I see
df["col2"] = df["col1"].apply(len)
len(df["col1"])
My question is,
Why use "
len
" function without parenthesis in 1, but use it with parenthesis in 2?What is the difference between the two?
I see this kind of occasion a lot, where using a function with and without parenthesis. Can someone explain to me what exactly is going on?
Thanks.
CodePudding user response:
The first example that you mentioned(the above code) maps the function len to the target variable df["col1"]
df["col2"] = df["col1"].apply(len)
Whenever we have to map a function to any iterable object, the syntax needs the function to be without parenthesis. In your case, df["col1"] must be having elements whose length can be calculated. And it will return a Pandas Series will lengths of all the elements. Take the following example.
a = ["1", "2","3","4"]
z = list( map( int, a ) ) >> [1, 2, 3, 4]
Here, we mapped the builtin int function(which does typecasting), to the entire list.
The second example that you mentioned would give out the length of the df["col1"] series.
len(df["col1"])
It won't do any operations on the elements within that Series. Take the following example.
a = ["1", "2","3","4"]
z = len(a) >> 4
Since, on both the occasions, the function len was fed an iterable object, it didn't give any error. But, the outputs are completely different as I explained!
CodePudding user response:
In 1, the function len
is being passed to a method called apply
. That method presumably will apply the function len
along the first axis (probably returning something like a list of lengths). In 2, the function len
is being called directly, with an argument df["col2"]
, presumably to get the length of the data frame.
The use in 1 is sometimes called a "higher order function", but in principle it's just passing a function to another function for it to use.
CodePudding user response:
In the second case you are directly calling the len method and will get the result, i.e. how many rows are in col1 in the df.
In the first you are giving the reference to the len function to the apply function.
This is a shortcut for df["col2"] = df["col1"].apply(lambda x: len(x))
This version you use if you want to make the behavior of a method flexible by letting the user of the method hand in the function to influence some part of an algorithm. Like here in the case with the apply method. Depending of the conents in the column you want to fill the new column with something, and here it was decided to fill this with the lengths of the content of other column.
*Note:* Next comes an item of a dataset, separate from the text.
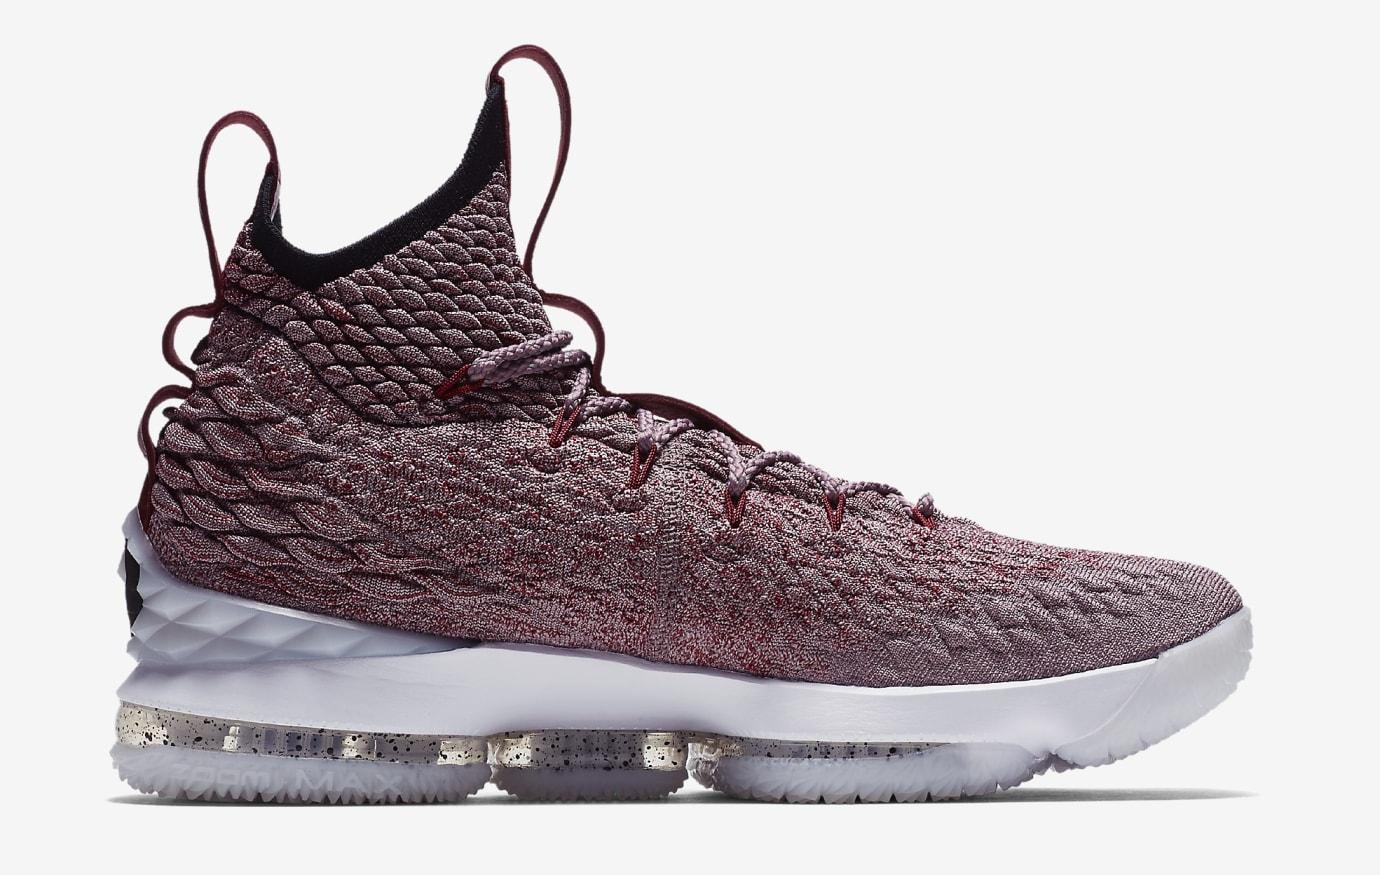 Nike LeBron 15 'Wine' 897649-201 (Medial)

CodePudding user response:
len(s) will return the lenght of the s variable
len will return the function itslelf. So if I do a=len, then I can do a(s). Of course, it is not recommended to do such thing as a=len.
CodePudding user response:
Let's have a look at the documentation of DataFrame.apply
:
its first parameter is func: function
which is a function that we'll apply to each column or row of the DataFrame
. In your case this function is len()
.
Now let's see what happens when you pass len
as a parameter with parenthesis:
df.apply(len())
-----------------------------------------------------------------------------------
TypeError Traceback (most recent call last)
/tmp/ipykernel_11920/3211016940.py in <module>
----> 1 df.apply(len())
TypeError: len() takes exactly one argument (0 given)
While this perfectly works when we use df.apply(len)
.
This is because your parameter must be a function
and the way Python uses to distinguish between functions and the return value of the call to a function is the use of parenthesis in the second case.